= Danger: Low Brow =

Danger: Low Brow was a comedy show on Melbourne radio station 3RRR from 1985 to 1991, before moving to Triple M and then Fox FM.

==Members and Where Are They Now==
The original members of the show were:

- Leaping Larry L, formerly writing for The Age newspaper, former co-host of now-defunct radio show All Over The Shop on 102.7 3RRR Thursdays at 2pm, writes on Leaping Larry L's crappy blog.
- Dennis Twilight (aka Dennis Tomaras).
- The Audio Assassin (aka David Armstrong) Currently reading the news on Melbourne radio's 3AW.
- Brett Duck (aka Brett McLeod) Currently reporting/reading the news on Melbourne television's Nine Network.

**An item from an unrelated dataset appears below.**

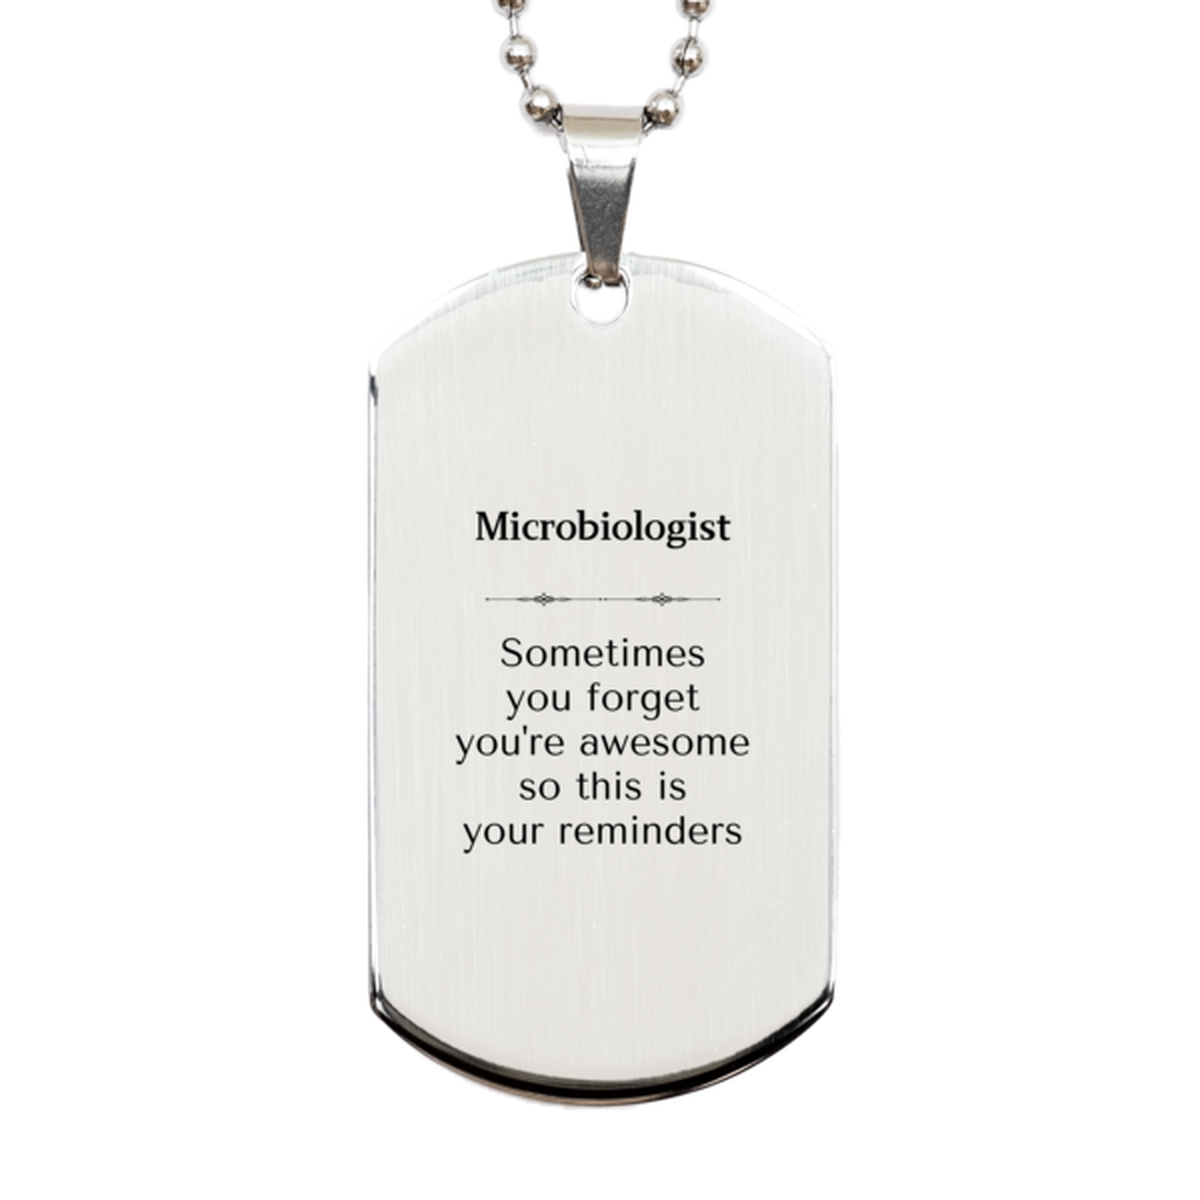 Sentimental Microbiologist Silver Dog Tag, Microbiologist Sometimes you forget you're awesome so this is your reminders, Graduation Christmas Birthday Gifts for Microbiologist, Men, Women, Coworkers

==The Arriba! Sessions (Album)==
This album featured sketches which originated on the show from 1985 to 1989, completely re-recorded and issued in 1989, on cassette only. It included a number of ad parodies, the mock Beatles historical documentary "Do-It-Yourself Beatles", the fabricated movie trailer "Kung Fu Rabbi", and a travesty on English soccer commentary entitled "Big Genital Soccer".

==Appetite For Arriba! (Album)==
An album of sketches originating on the show from 1988 to 1990, re-recorded and released in 1990, on vinyl LP and cassette.